2.5 Additional Licenses. Portions of the GameSnacks Service may be subject to notices and licenses from communities and third parties that govern the use of those portions, and any licenses or access granted hereunder do not alter any rights and obligations Company may have under such notices and licenses; provided, however, the disclaimers of warranty and limitation of liability provisions in this Agreement will apply to the GameSnacks Service.
2.6 Regulations and Third Party Authorization. As between the Parties, Company is responsible for acquiring any third party rights, authorizations, and licenses that may be required with respect to Partner Platforms (including without limitation licenses required to implement features in each Partner Platform) and will ensure their manufacture, use, distribution, and sale complies with applicable foreign, federal, state, and local laws, rules, and regulations.

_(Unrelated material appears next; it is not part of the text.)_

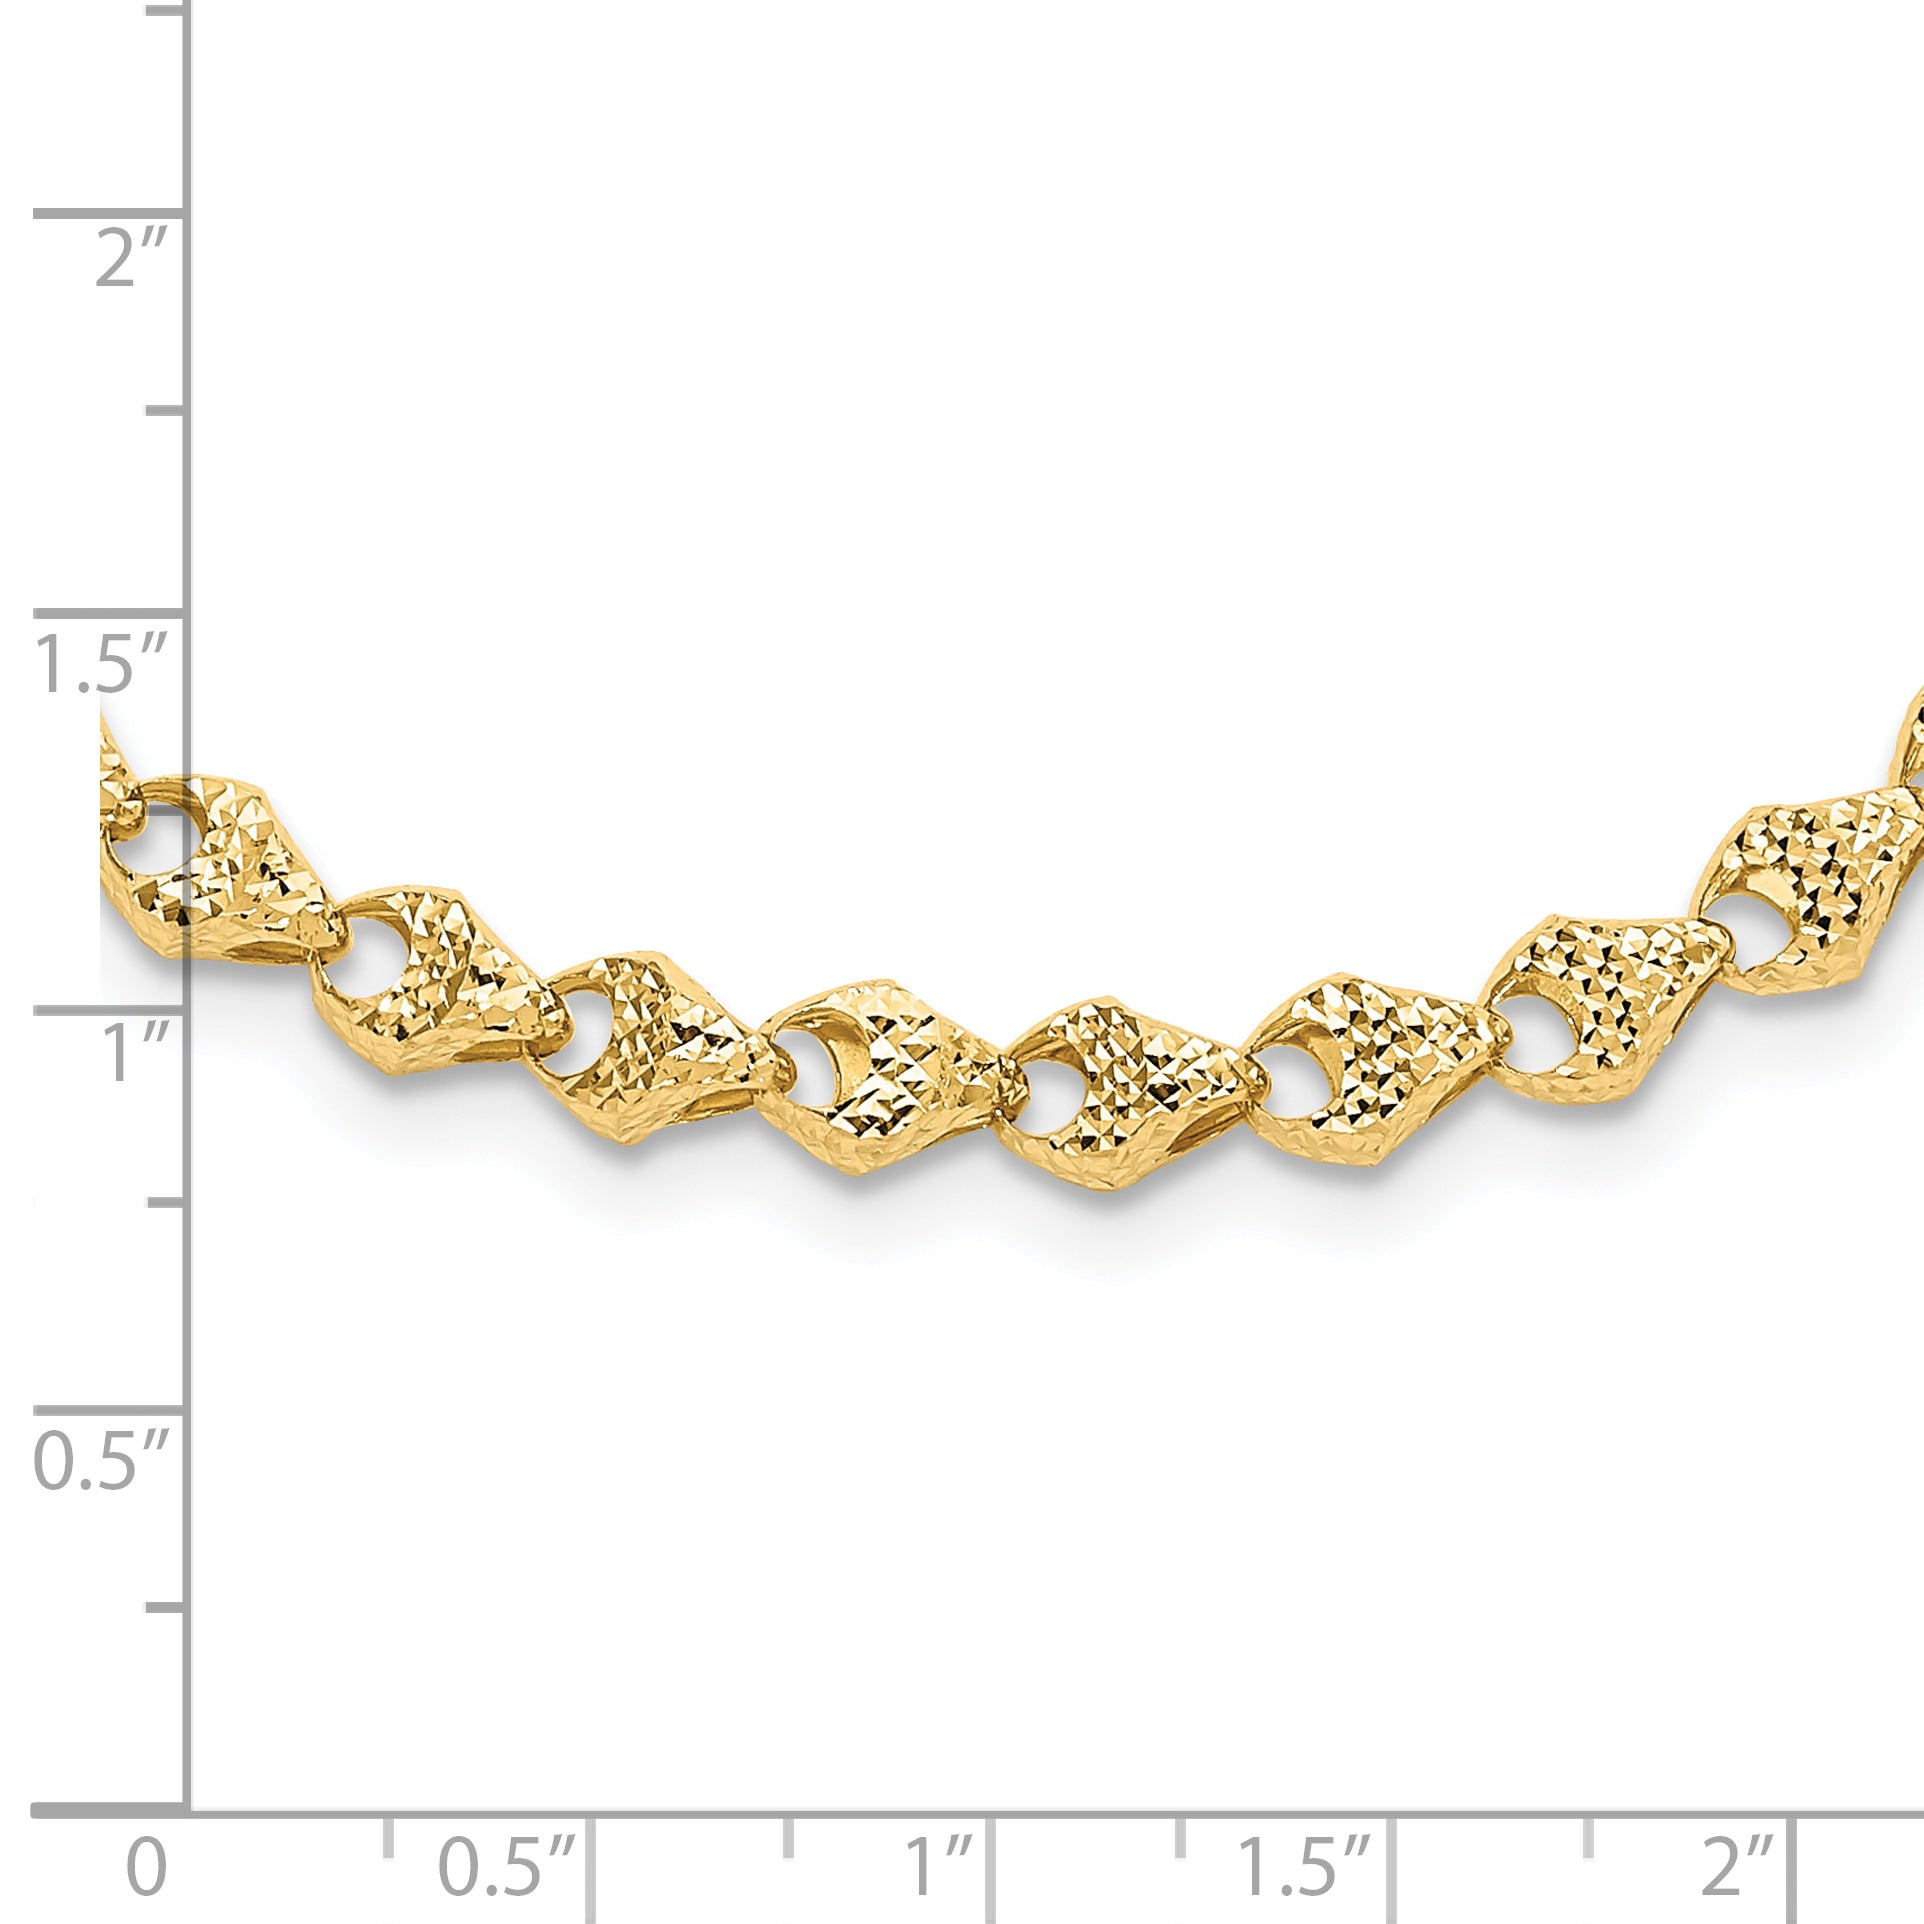 14K Diamond-cut Fancy Link Necklace - Speical Order 3-4 Weeks

2.7 End User License. For clarity, nothing in the Agreement restricts End Users, which may access Games on Google propert(ies), the Partner Platforms, and/or third party propert(ies), from creating or developing video recordings of Game gameplay, including creating derivative works of such video recordings (such video recordings and derivatives of video content, the "End User Video Recording(s)"). In addition to all other uses contemplated by the Agreement, Google, its third party partners, and/or End Users may monetize and/or commercialize all End User Video Recordings, including, without limitation, by: (a) displaying advertising within End User Video Recordings, and (b) displaying advertising next to End User Video Recordings on app(s) or site(s) where the End User Video Recordings may be distributed.
3. GameSnacks Service.
3.1 Integration of Game Center Content. Company may, in its discretion, integrate the GameSnacks Service into the Partner Platform(s) by embedding the Game Center Content and/or applicable URL into the Partner Platform(s), as delivered by Google. Company will only access (or attempt to access) the Game Center Content for the purposes of this Agreement, including making the Game Center Content available to End Users. For clarity, Google has no obligation, but may, in its discretion, provide the Game Center Content to the Company under this Agreement.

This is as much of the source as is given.